- Theatrical release poster
- Directed by: James Frawley
- Written by: Floyd Mutrux
- Produced by: Michael Laughlin; Floyd Mutrux;
- Starring: Beau Bridges Maud Adams Gilbert Roland
- Cinematography: David L. Butler
- Edited by: Richard A. Harris
- Music by: Lalo Schifrin
- Production company: Cinema Center Films
- Distributed by: National General Pictures
- Release date: November 24, 1971;
- Running time: 90 minutes
- Country: United States
- Language: English

= The Christian Licorice Store =

1971 film

The Christian Licorice Store is a 1971 American drama film directed by James Frawley and starring Beau Bridges and Maud Adams. The title of the film is based on lyrics from the song "Pleasant Street" by Tim Buckley, who makes a cameo in the film.

==Plot==
Promising tennis pro Franklin Cane lives in Los Angeles and is mentored by his coach, Jonathan "J.C." Carruthers, who warns him of the perils of success. J.C. advises him to concentrate on his game and not on outside interests, such as a lucrative offer to endorse a hair spray in a TV ad.

Cane takes his advice. He wins a tournament in Houston and has a one-night stand there with a girl, cheating on Cynthia Vicstrom, the photographer he has been seeing. Things are going well for Cane until one day J.C. dies peacefully in his sleep.

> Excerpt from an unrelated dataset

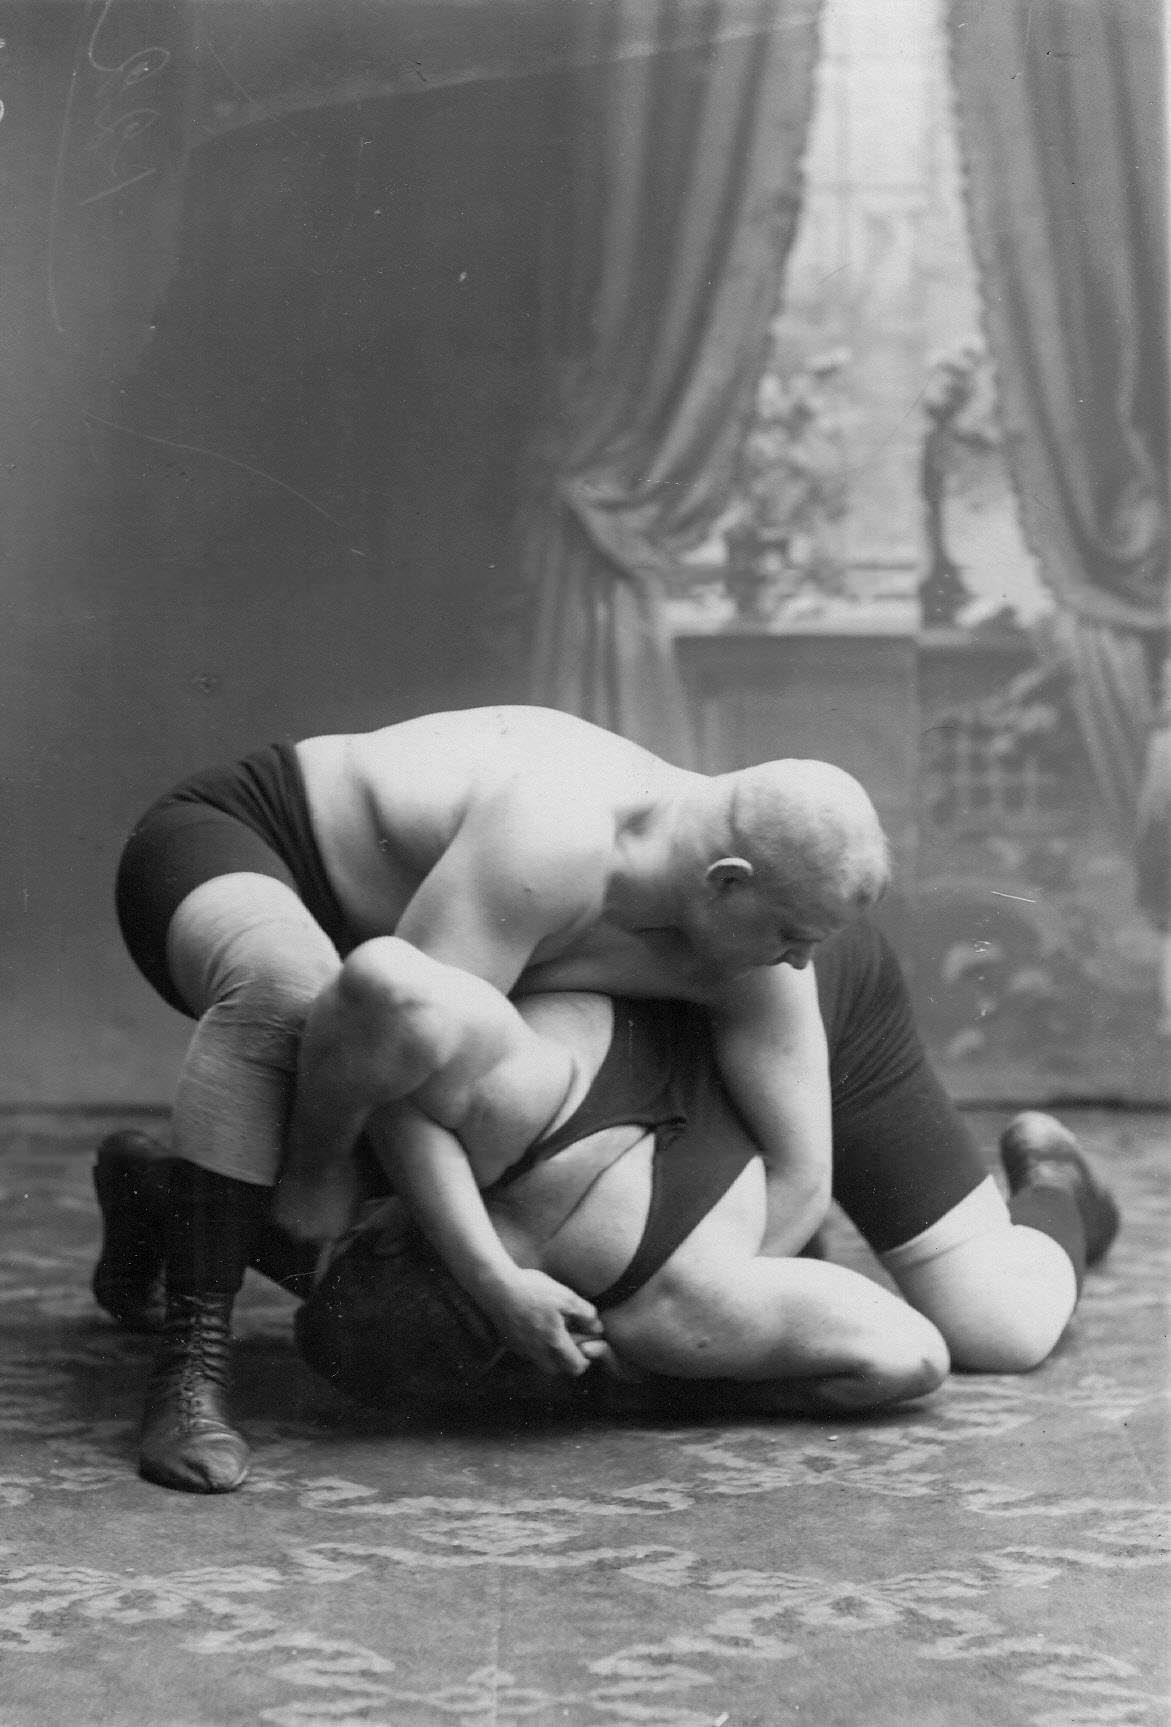 Момент французской борьбы; сверху борец А.Аберг

A distraught Cane begins going to wild California parties and spending time on Hollywood interests, neglecting Cynthia and his tennis. Cynthia breaks up with him and begins seeing Monroe, a film director who has fallen for her. Cane leaves a party with a girl he's just met, drives down the Pacific Coast Highway at a high speed, then crashes, killing them both. The next time she turns on a TV, Cynthia sees him in a breakfast-drink ad.

==Cast==
- Beau Bridges as Franklin Cane
- Maud Adams as Cynthia
- Gilbert Roland as J.C.
- Allan Arbus as Monroe
- Jean Renoir as himself
- Monte Hellman as Joseph

==Release==
The film opened November 24, 1971 at the Paris Theatre in Boston, Massachusetts and at four theaters in Detroit, Michigan.

==Reception==
While the film was not a box office success, Barbara Leigh has stated that director Roger Vadim was so impressed by her performance that he asked her to be in Pretty Maids All in a Row.